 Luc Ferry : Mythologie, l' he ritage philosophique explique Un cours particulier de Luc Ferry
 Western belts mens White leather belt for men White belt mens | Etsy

--

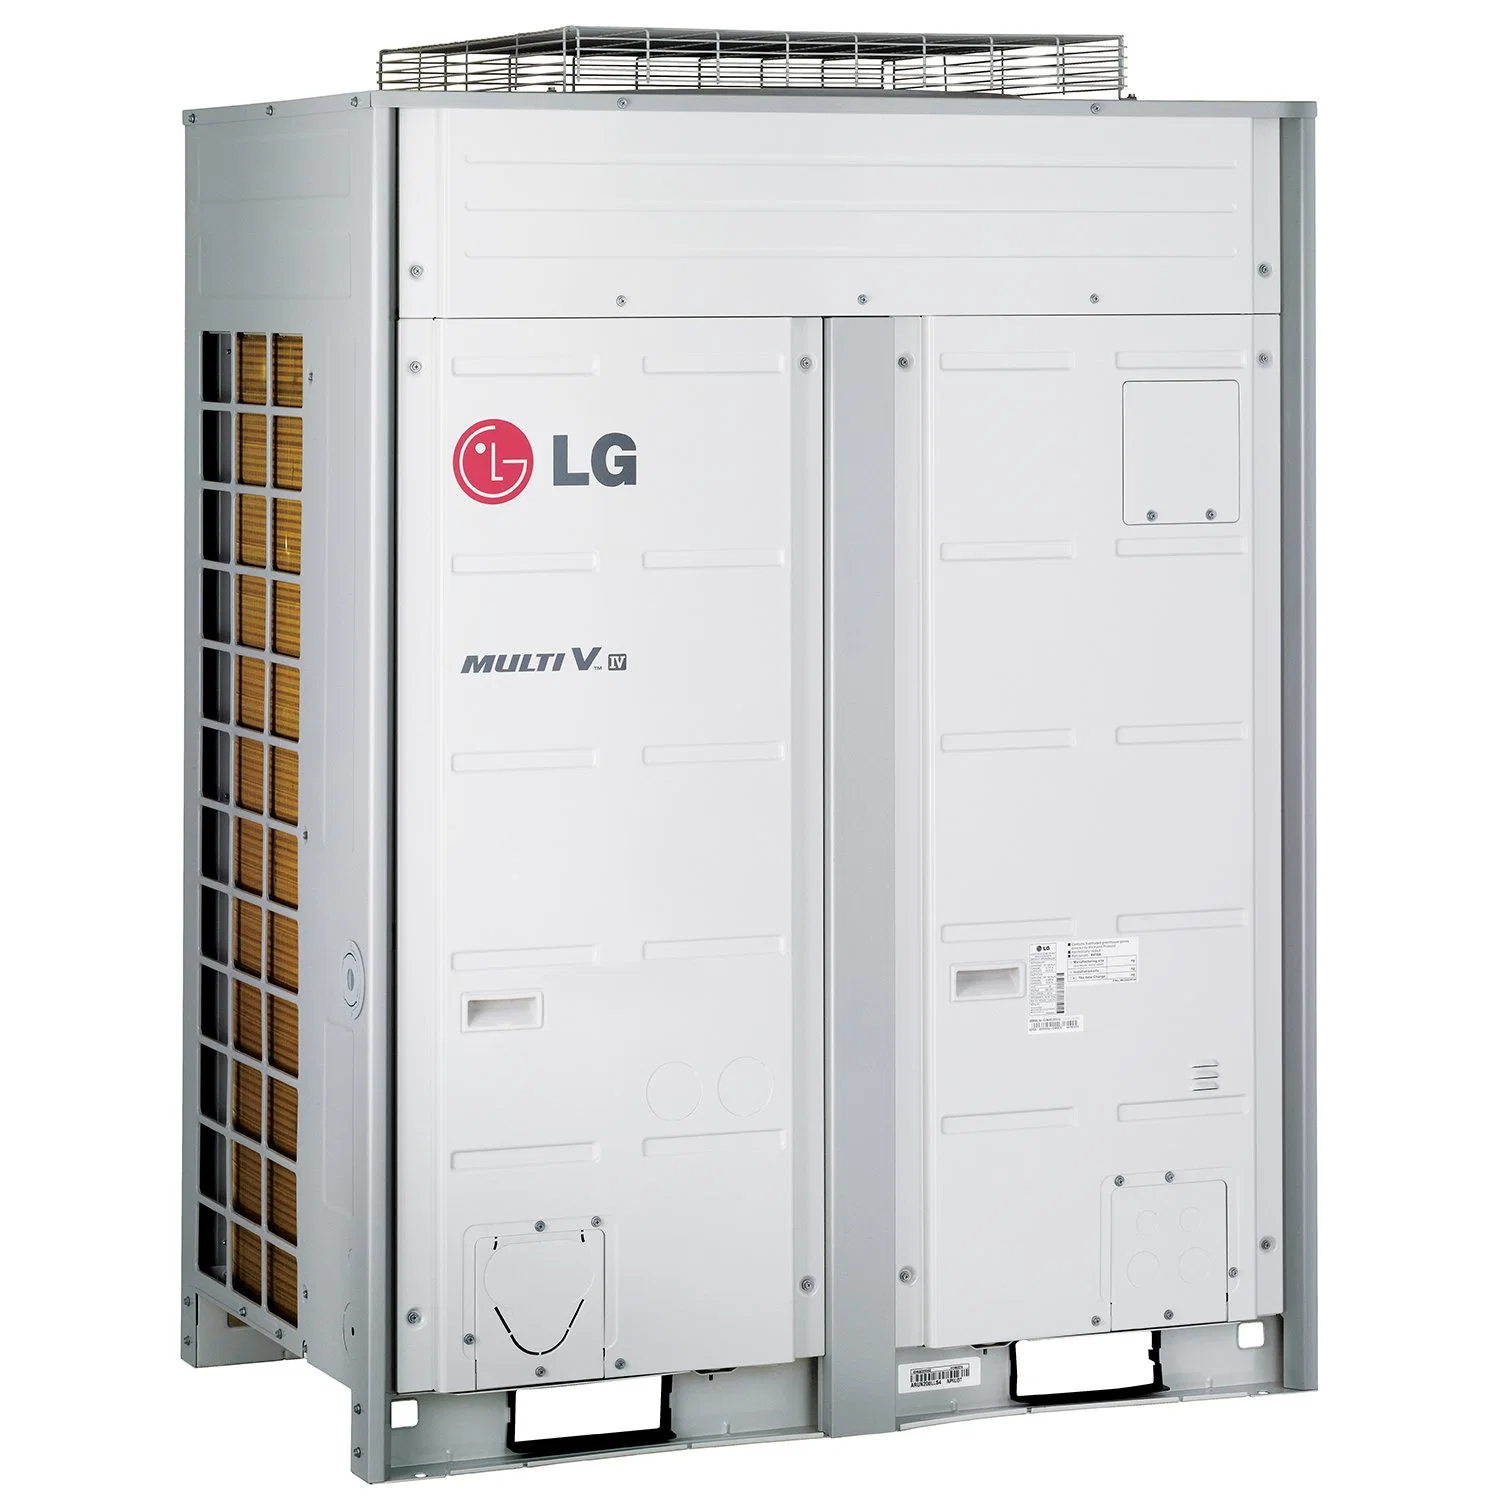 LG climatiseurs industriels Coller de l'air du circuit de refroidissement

==

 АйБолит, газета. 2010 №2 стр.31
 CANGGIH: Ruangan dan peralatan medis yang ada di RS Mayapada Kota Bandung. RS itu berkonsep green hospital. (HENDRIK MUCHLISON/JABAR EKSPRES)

ACTIVITY> Only those lines of the entries above that run from the line containing "АйБолит, газета. 2010 №2 стр.31" to the line containing "CANGGIH: Ruangan dan", both included, should be transcribed exactly.

EXPECTED ANSWER>
 АйБолит, газета. 2010 №2 стр.31
 CANGGIH: Ruangan dan peralatan medis yang ada di RS Mayapada Kota Bandung. RS itu berkonsep green hospital. (HENDRIK MUCHLISON/JABAR EKSPRES)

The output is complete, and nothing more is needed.